▶ **Exercise instructions**
What are the lines, copied exactly, from the one containing "Møllestien street, la" through the final line of the material? Leave the pictures out.

▶ **Collected material**

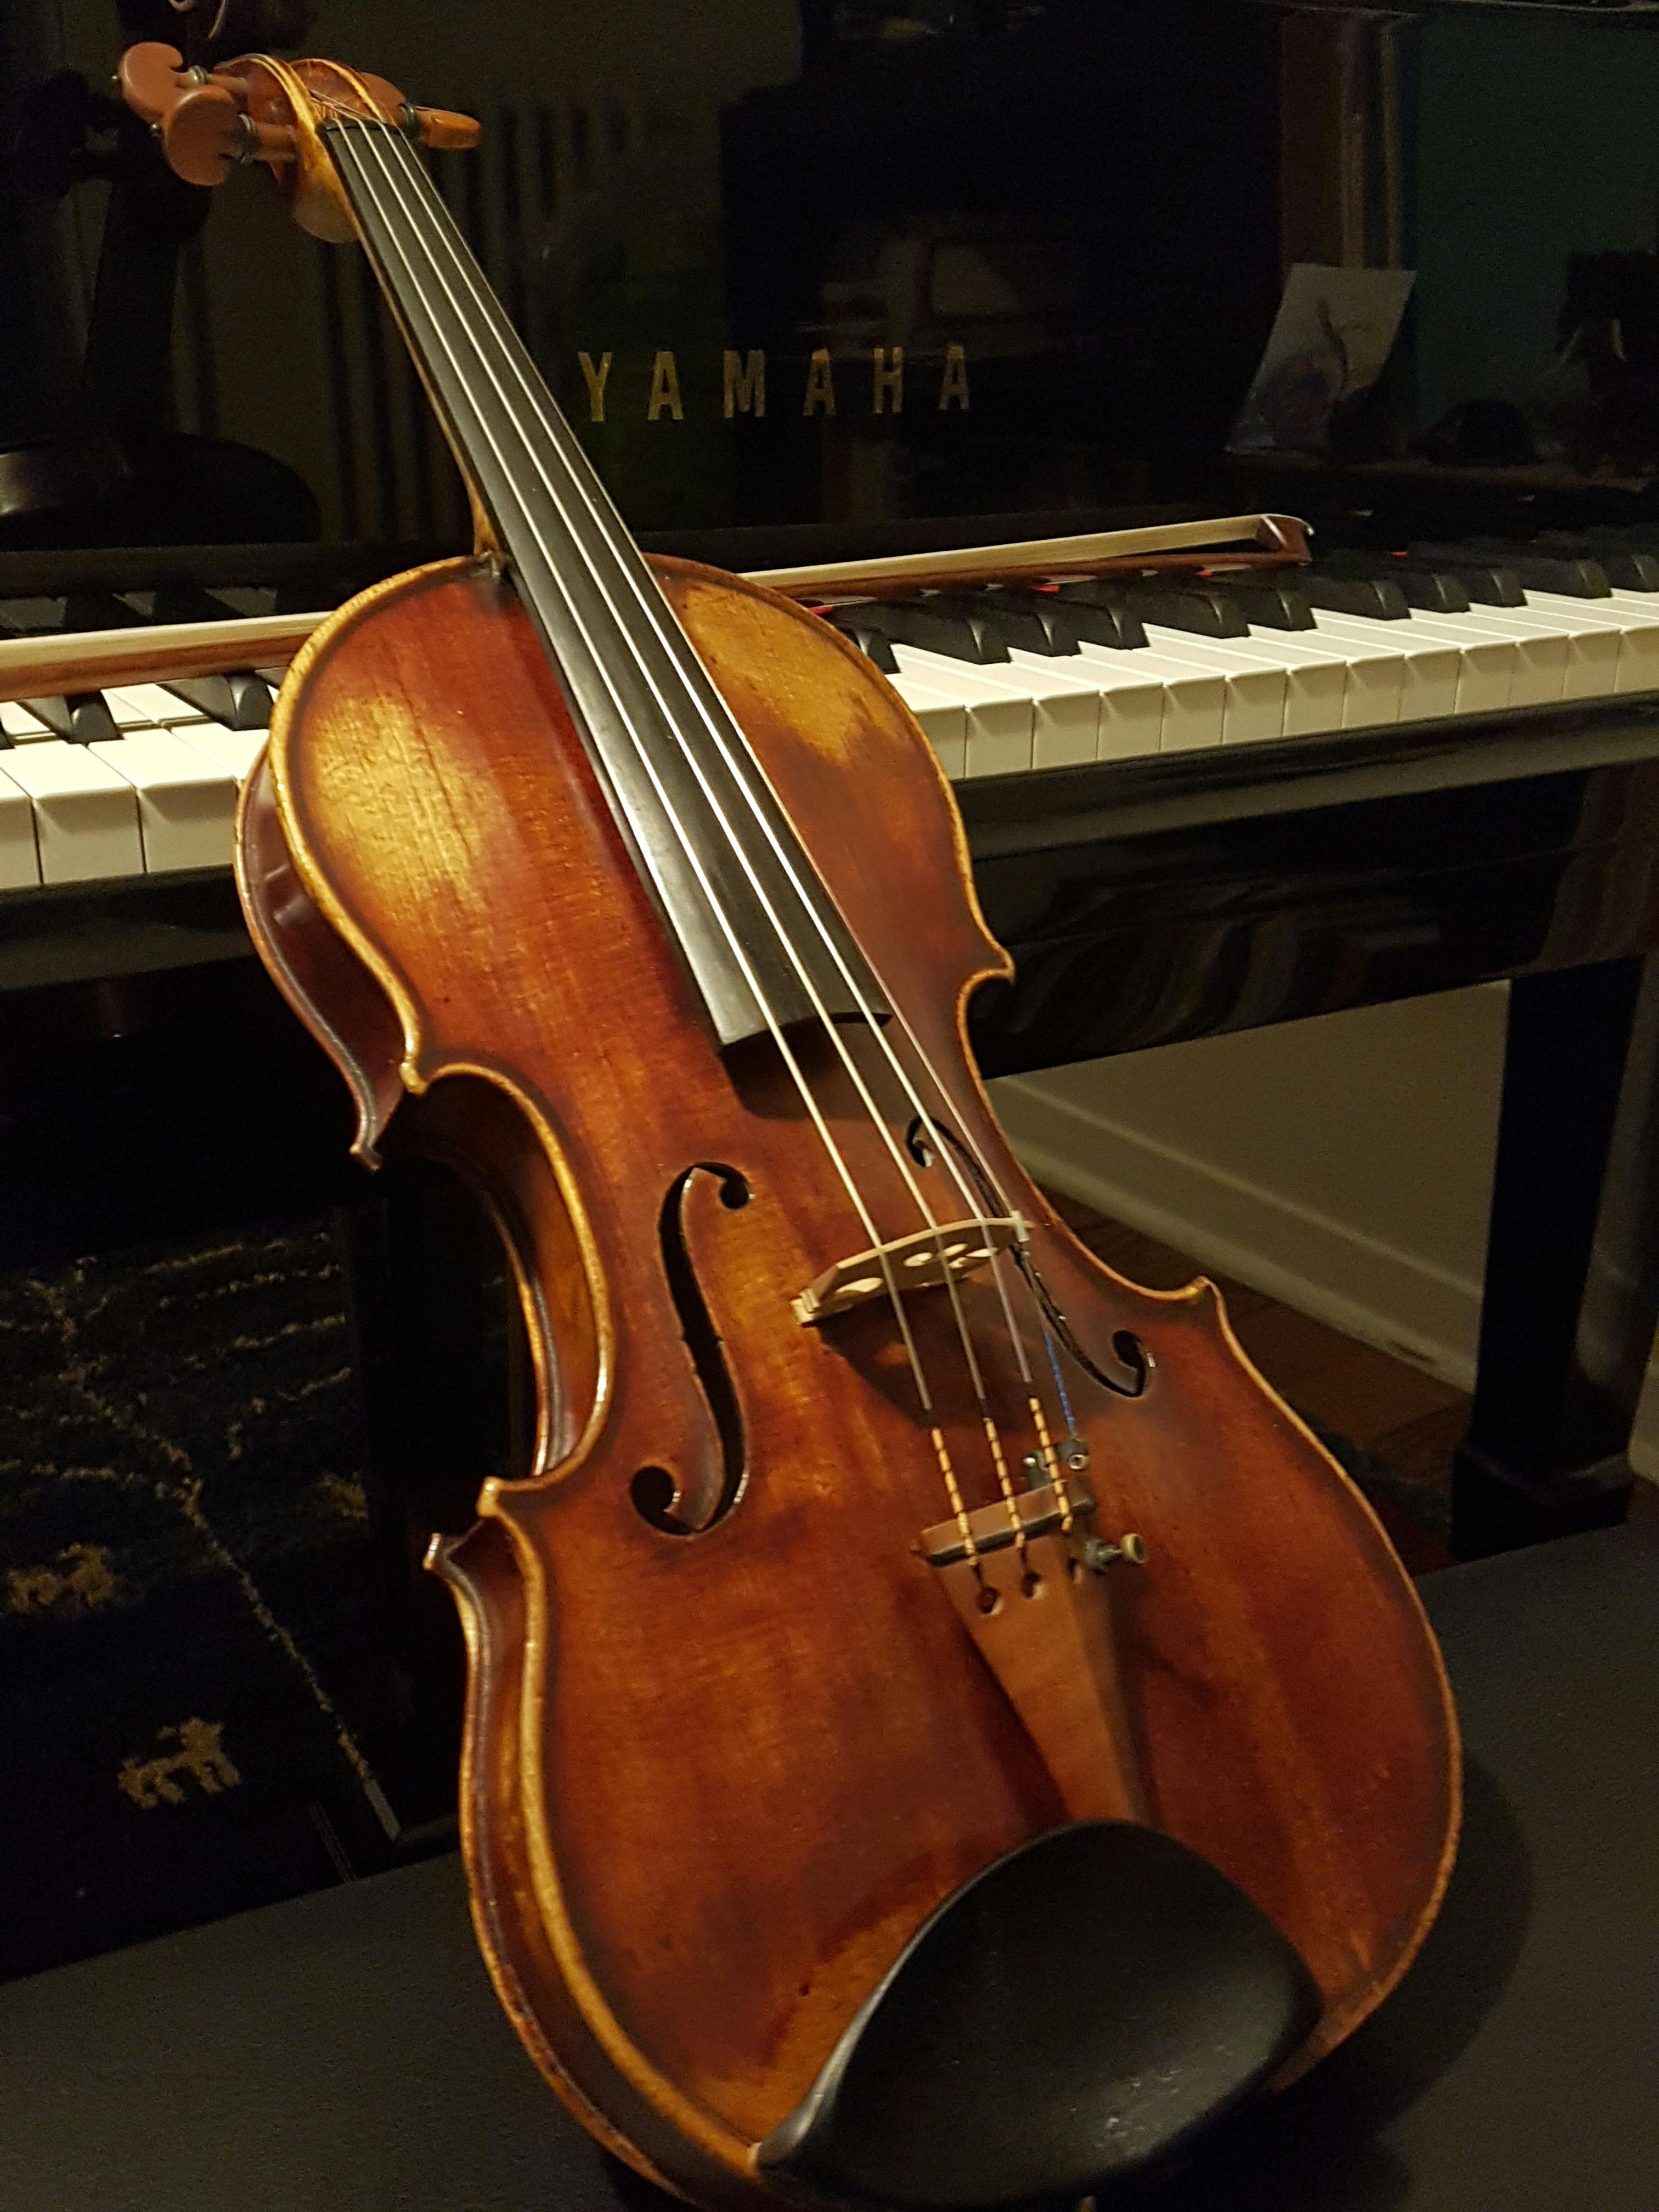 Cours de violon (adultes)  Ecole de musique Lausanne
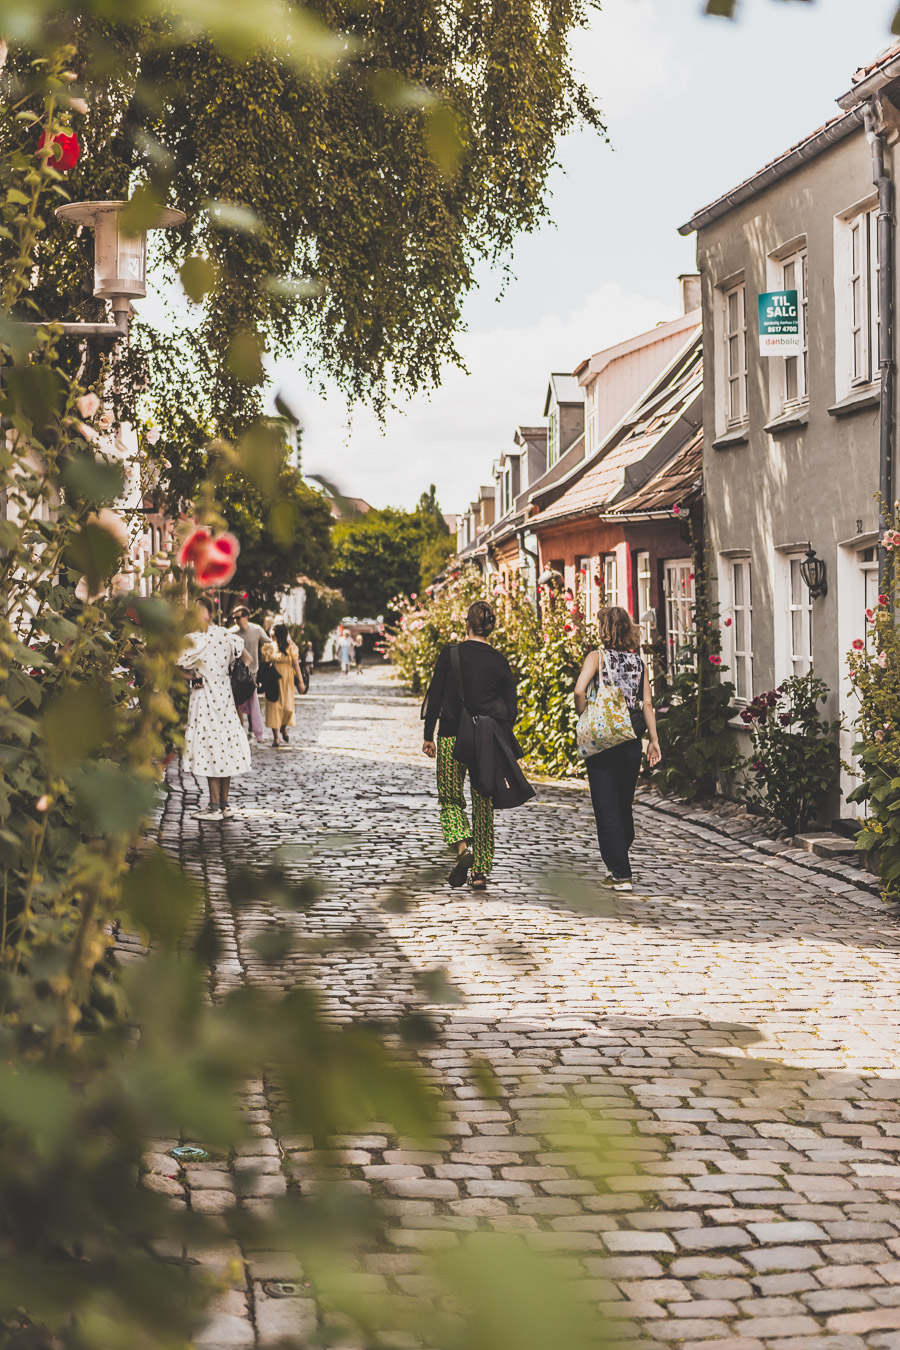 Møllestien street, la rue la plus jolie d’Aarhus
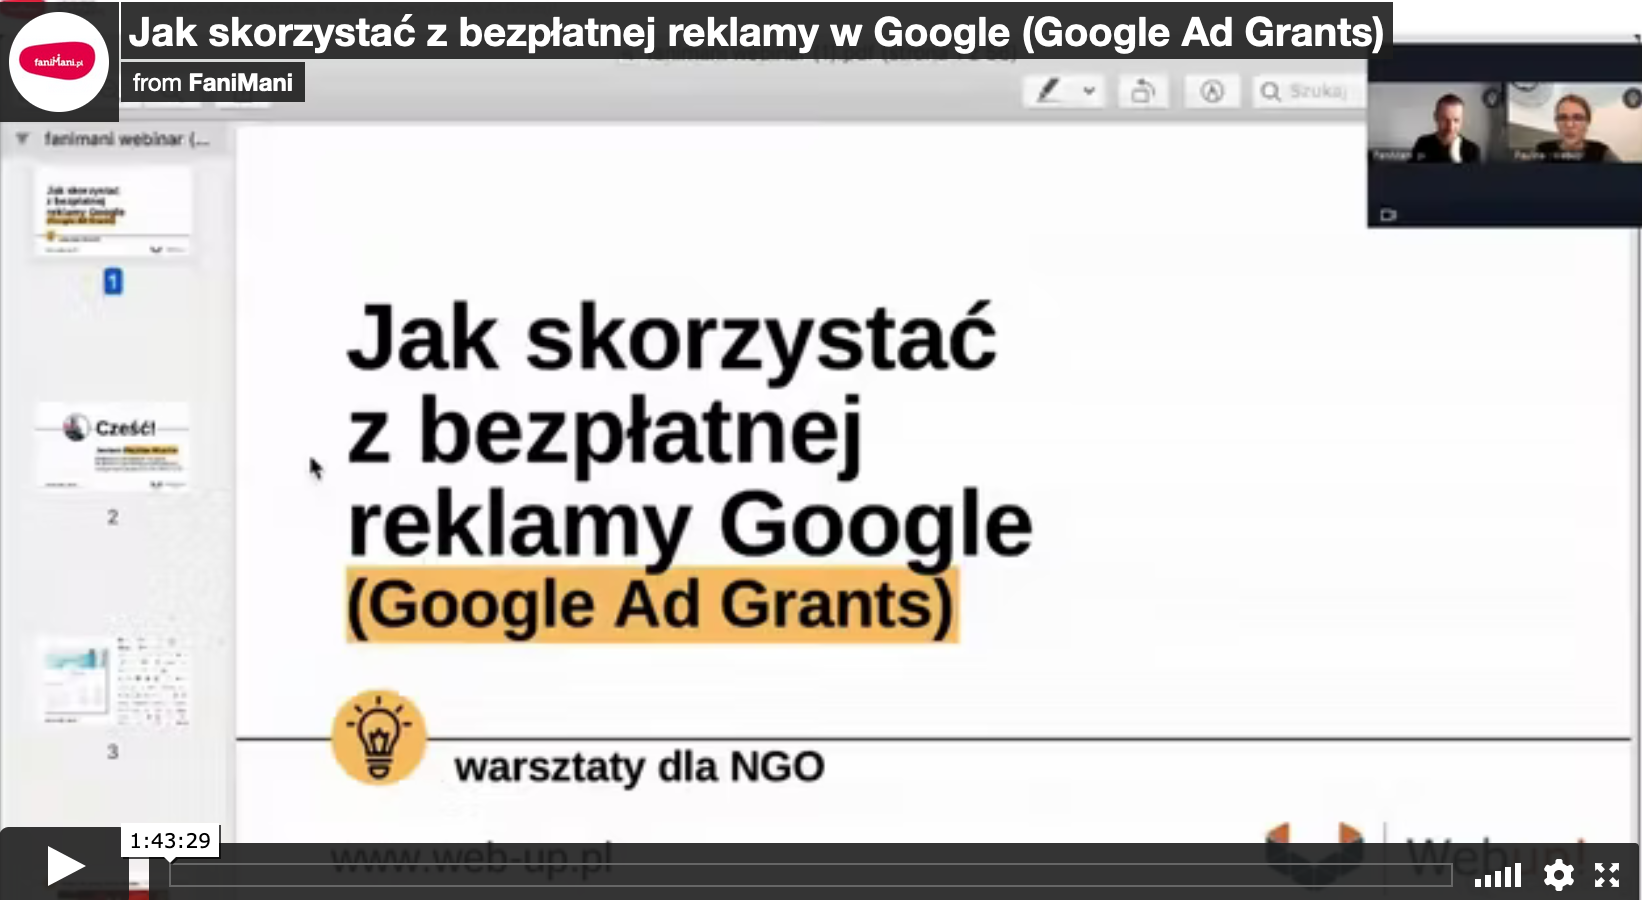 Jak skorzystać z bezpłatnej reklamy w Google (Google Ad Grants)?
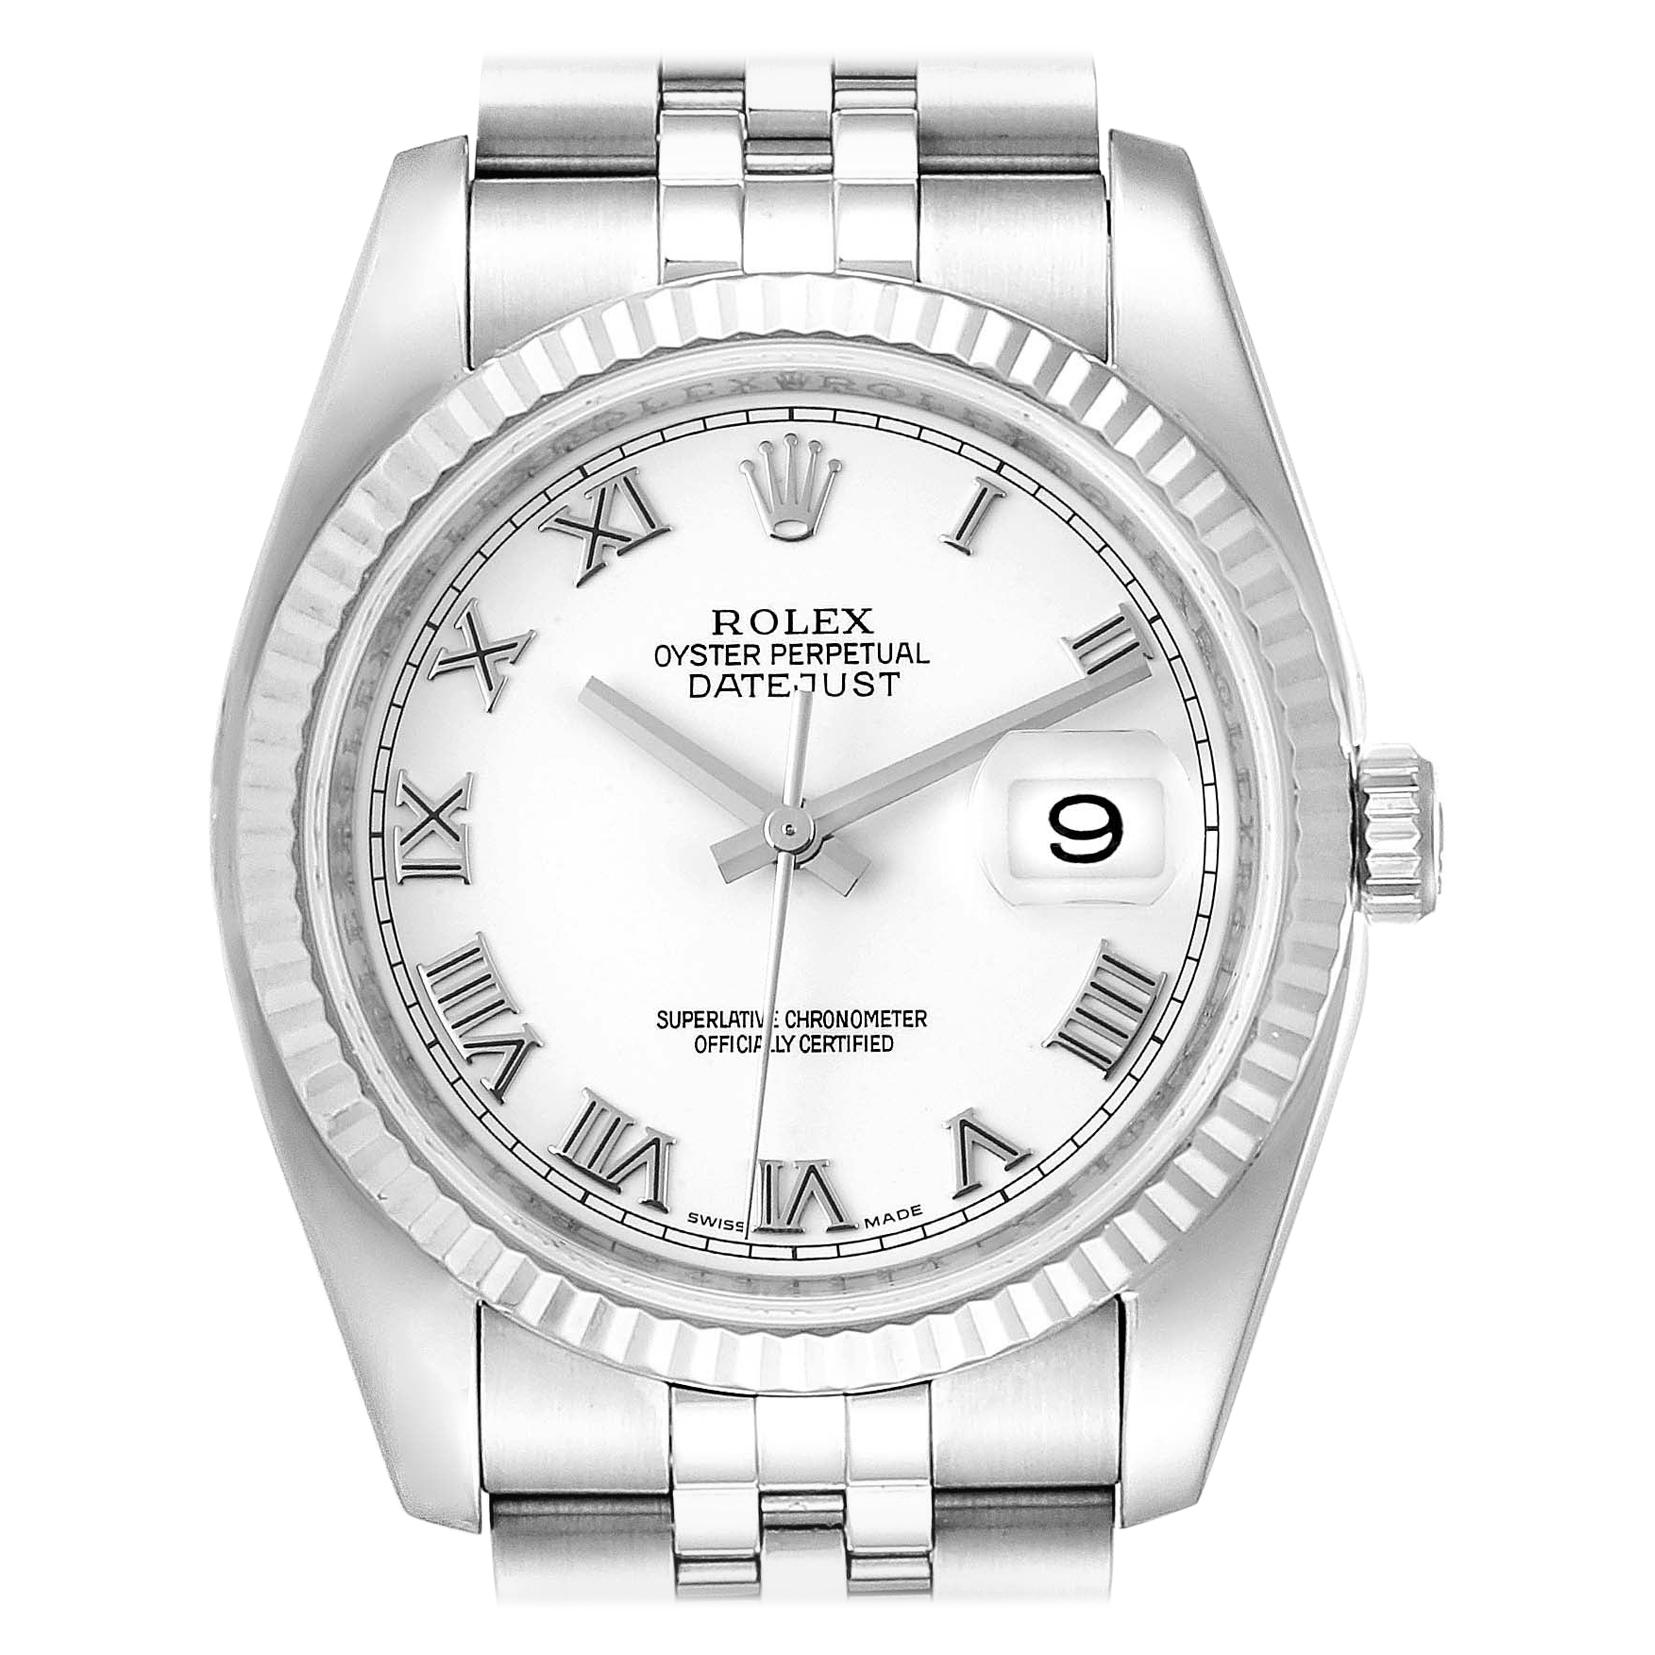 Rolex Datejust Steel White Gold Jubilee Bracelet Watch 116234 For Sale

▶ **Task output**
 Møllestien street, la rue la plus jolie d’Aarhus
 Jak skorzystać z bezpłatnej reklamy w Google (Google Ad Grants)?
 Rolex Datejust Steel White Gold Jubilee Bracelet Watch 116234 For Sale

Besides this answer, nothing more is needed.